À beira-mar as crianças se divertem brincam de jacaré e jogam água umas nas outras. Aí vem a sede. A barraca da praia oferece refrigerante e um copo cheio de gelo para refrescar ainda mais a bebida sob o sol. E tem ainda aquelas pedrinhas no balde de cerveja do pai a tentação é colocá-las na boca, uma delícia no calor...
Mas o vírus da hepatite A se esconde tanto na água doce quanto na salgada. Ou seja, pode estar naquelas gotas engolidas sem querer em um mergulho no mar poluído por esgotos não tratados ou no gelo feito com água de uma fonte contaminada.
Uma vez dentro do corpo, o vírus logo se instala no fígado, onde indiretamente faz alguns estragos (entenda isso naanimação). As vítimas mais freqüentes são crianças entre 5 e 9 anos talvez porque sejam velhas demais para um adulto ficar em cima o tempo inteiro e novas demais para serem tão preocupadas com higiene. A doença é mais avassaladora, porém, nos adolescentes.
A princípio não haveria motivo para preocupações. Ora, existe vacina para a hepatite A. Mas a questão é que ela não faz parte do calendário oficial de imunização determinado pelo Ministério da Saúde. Muita gente fica sem acesso, por ter de pagar. E outros, mesmo freqüentando clínicas particulares, nem sabem da sua existência. A vacina não ser incluída no rol determinado pelo governo é insensato", afirma a hepatologista Edna Strauss, professora da Universidade de São Paulo, uma das maiores defensoras dessa causa. As notificações subestimam a real ocorrência da infecção no Brasil.
A estimativa oficial, por enquanto, é a seguinte: apenas 130 casos por ano em cada 100 mil brasileiros. Mas dados preliminares e mais precisos de um levantamento realizado pelo próprio Ministério, ainda em fase de conclusão, mostram um cenário diferente. No Nordeste, por exemplo, cerca de 41% das crianças entre 5 e 9 anos já tiveram contato com o vírus. Na turma de 10 a 19 anos a incidência sobe para 56%. Nem todos ficaram doentes, mas Edna chama atenção para o restante da criançada que, sem conhecer ainda o vilão de perto, pode sucumbir a qualquer instante. No próximo banho de mar, por exemplo.
Para empunhar a bandeira em prol da inclusão da vacinaa professora Edna Strauss se sustenta principalmente nas estatísticas levantadas por dois estudos publicados noThe Journal of the American Medical Association.
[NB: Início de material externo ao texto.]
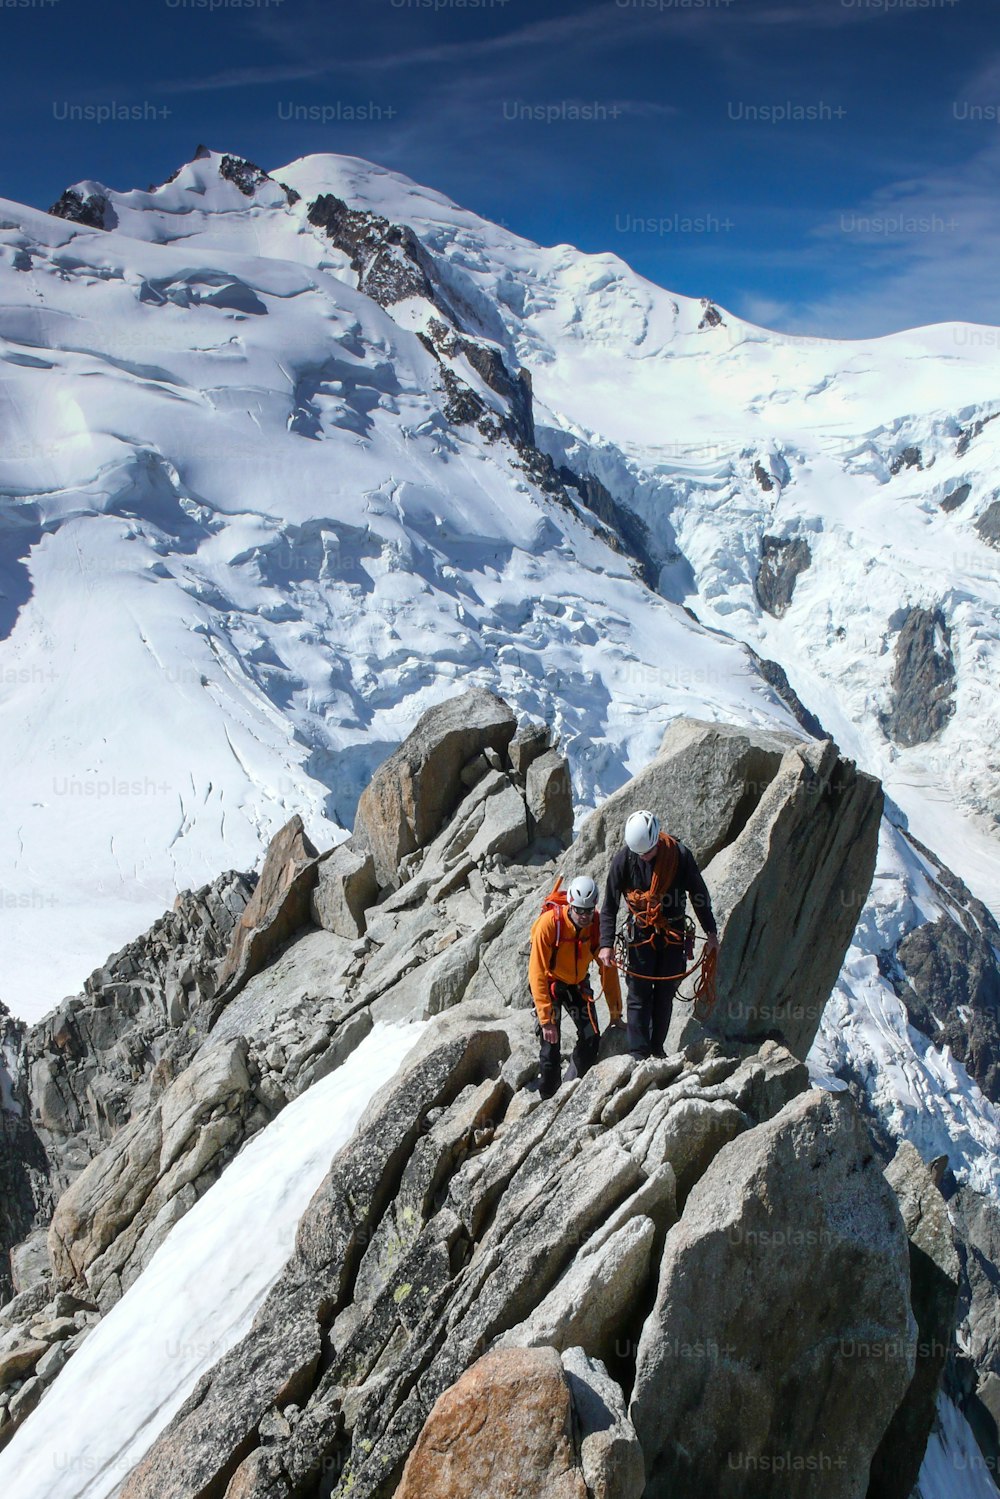 guide de montagne et un client masculin sur une crête rocheuse se dirigeant vers un haut sommet des Alpes françaises près de Chamonix par une belle journée d’été
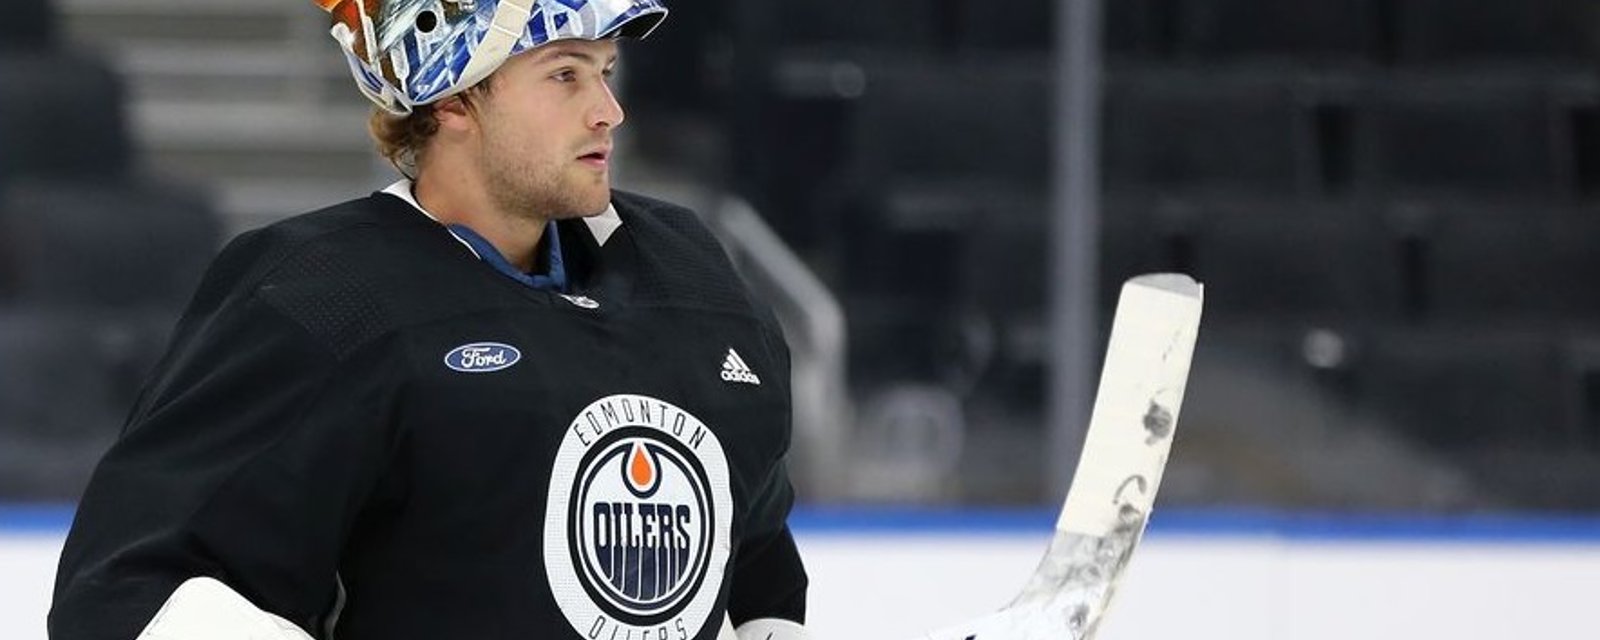 Oilers rookie goaltender Stuart Skinner will make his NHL debut.

Em Israel a entrada do imunizante no calendário de vacinação levou a uma queda de 95% nos casos da doença. E nos Estados Unidos eles despencaram 76%.
Nos dois programas, só os bebês entre 1 e 2 anos foram vacinados, mas a incidência diminuiu em todas as faixas etárias. Por quê? Provavelmente porque as crianças são como armazenadoras do vírus depois de infectá-las, ele se multiplica e cai no ambiente pelas fezes.
E, se o imunizante é tão eficaz, por que não oficializá-lo? Há critérios de prioridade que incluem aspectos como mortalidade, justifica o infectologista Ricardo Marins, coordenador geral de Doenças Transmissíveis do Ministério da Saúde. "Embora a hepatite A tenha alta prevalência, não há um grande número de casos fatais", afirma, reconhecendo que o assunto merece uma análise mais aprofundada.
Cinco por cento dos episódios evoluem para uma hepatite fulminante, que mata, rebate o infectologista David Uip, coordenador do Núcleo de Infectologia do Hospital Sírio Libanês, em São Paulo. A causa seria uma hiper-reação dos anticorpos que atacam o fígado infectado, explica Edna. O órgão vai à bancarrota e, para salvar a vida, só mesmo um transplante.
A ameaça não está só no litoral. Segundo uma pesquisa da Fundação Getúlio Vargas, 53% dos brasileiros não contam com saneamento básico. Só é um engano acreditar que a ameaça é maior para essa gente. As pessoas que vivem em condições precárias tendem a entrar em contato com o vírus desde a mais tenra idade e logo desenvolvem anticorpos, na maioria das vezes sem sintomas de infecção.
Já o jovem que cresceu em condições adequadas não teve a chance de adquirir essa resistência. Aí, em contato com água e alimentos contaminados, sucumbe. Quanto mais velho ele for, mais grave tende a ser o quadro, diz o pediatra Norberto Freddi, do CEDIPI, conhecida clínica de vacinação paulistana. A nós cabe cobrar dos governantes que resolvam a questão. Enquanto isso, faça o que está ao seu alcance: vacine a família inteira e curta a alta estação sem medo.